━━━ PROVIDED ENTRIES ━━━
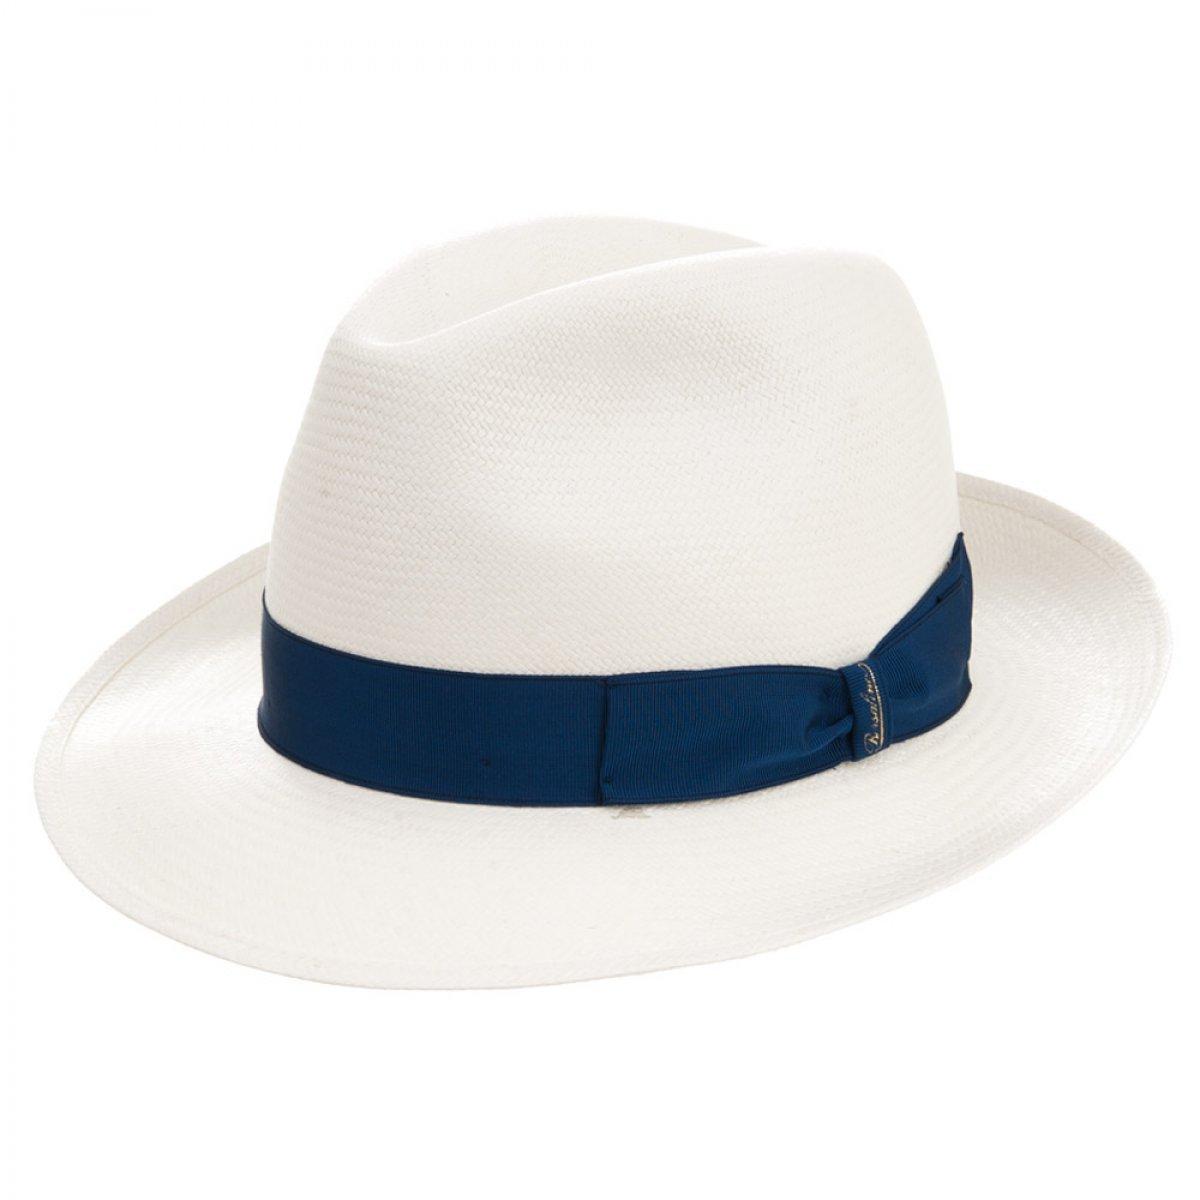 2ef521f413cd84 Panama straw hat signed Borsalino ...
━━━
━━━ PROVIDED ENTRIES ━━━
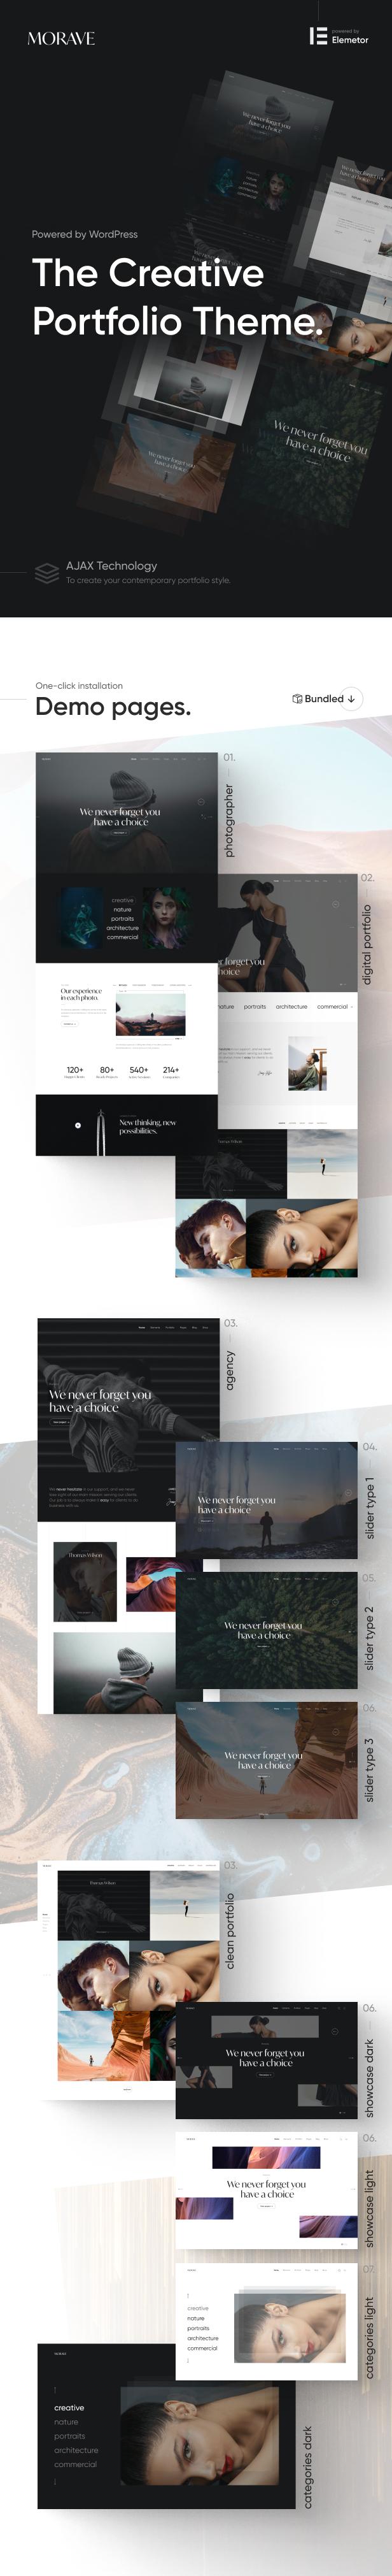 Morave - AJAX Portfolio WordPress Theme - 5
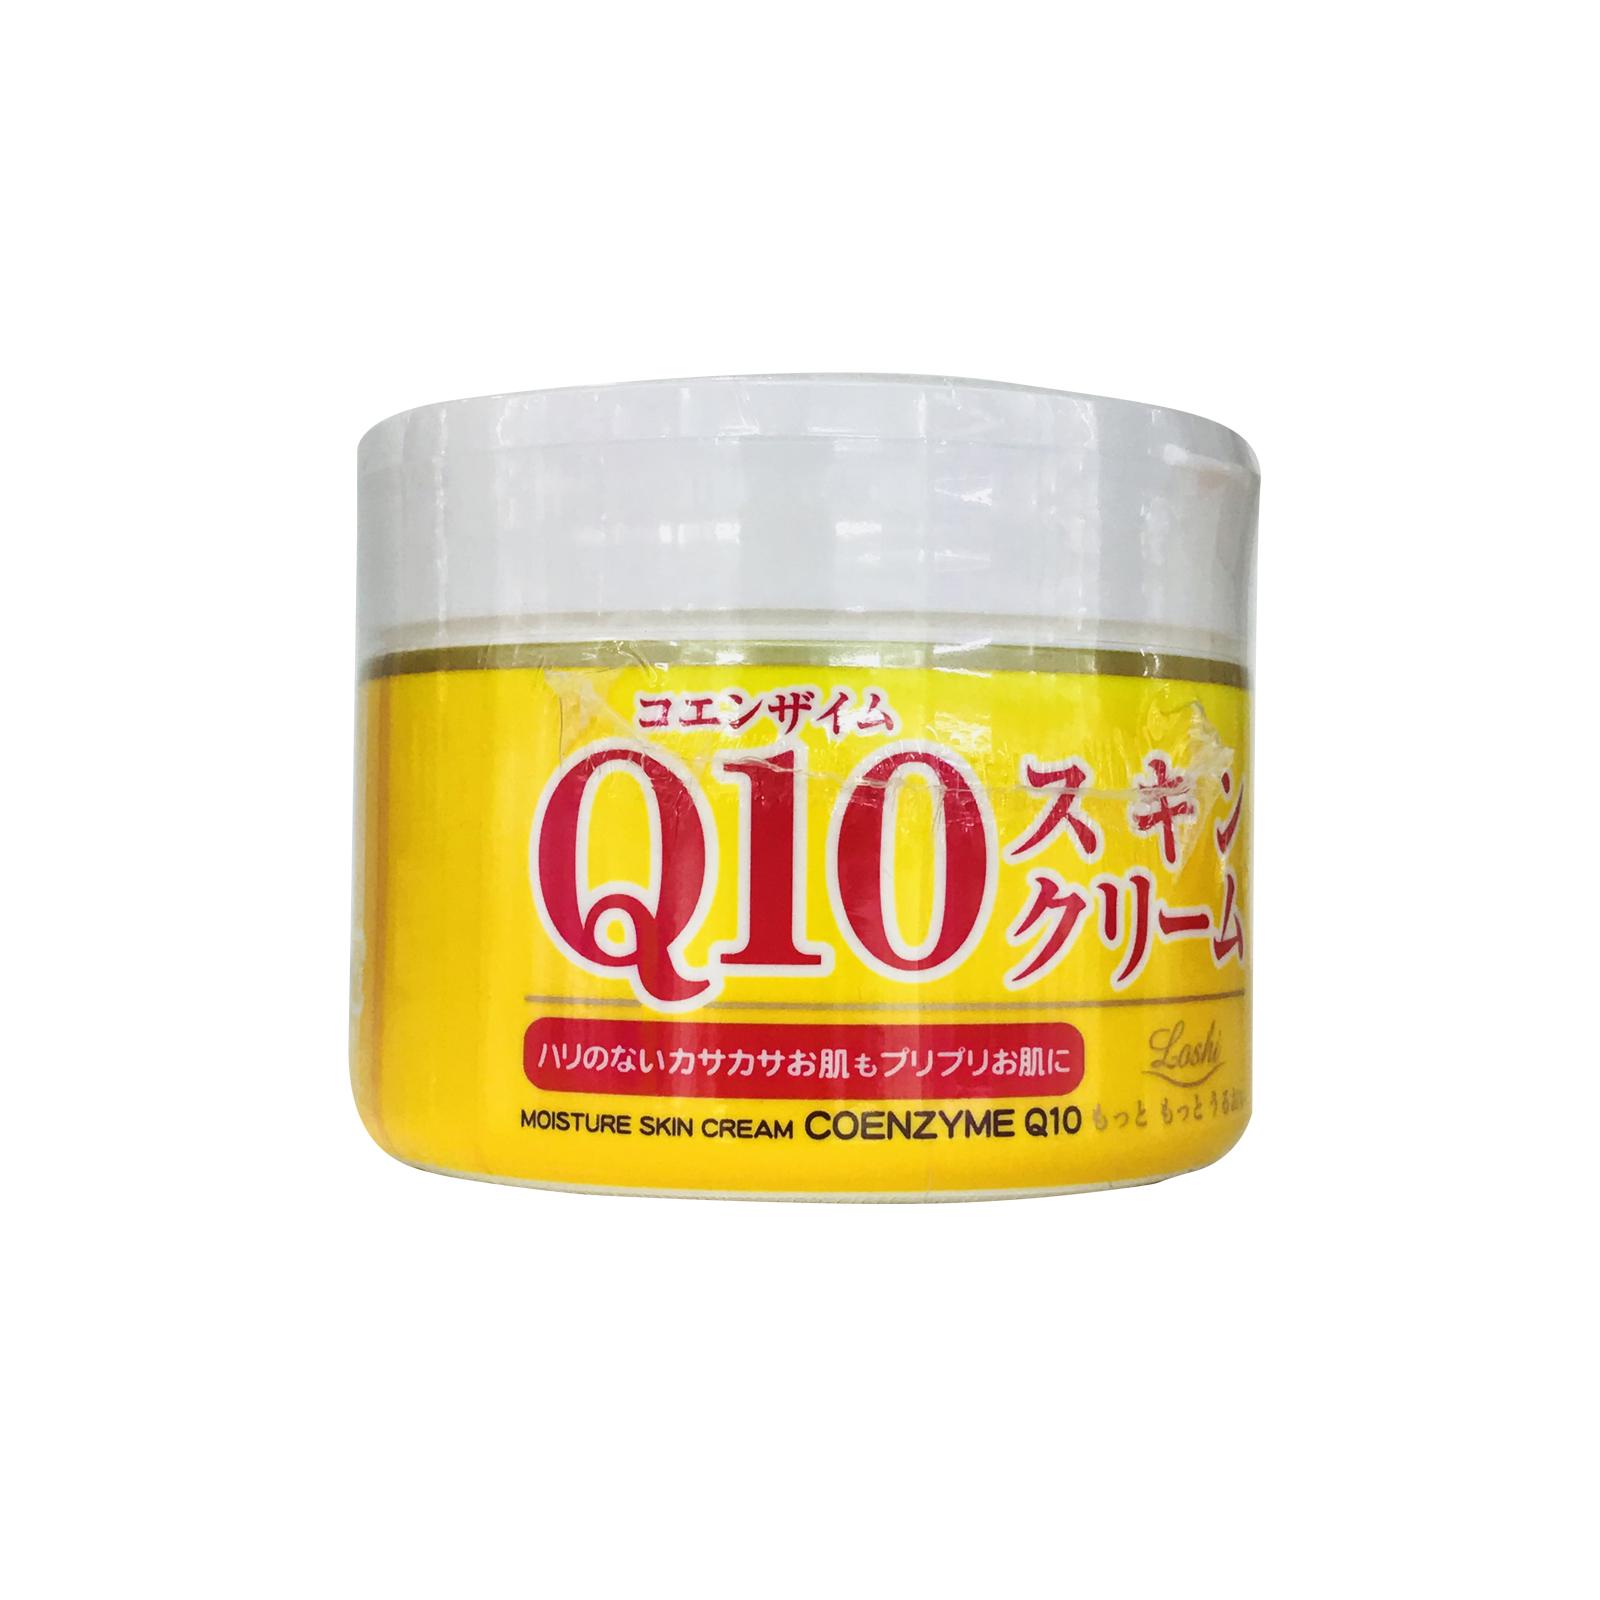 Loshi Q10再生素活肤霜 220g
━━━
Would you output the lines above from the line holding "Morave - AJAX Portfolio WordPress Theme - 5" up to and including the line holding "Loshi Q10再生素活肤霜 220g", exactly and only those, with no pictures?

● **PROBLEM SOLUTION**:
 Morave - AJAX Portfolio WordPress Theme - 5
 Loshi Q10再生素活肤霜 220g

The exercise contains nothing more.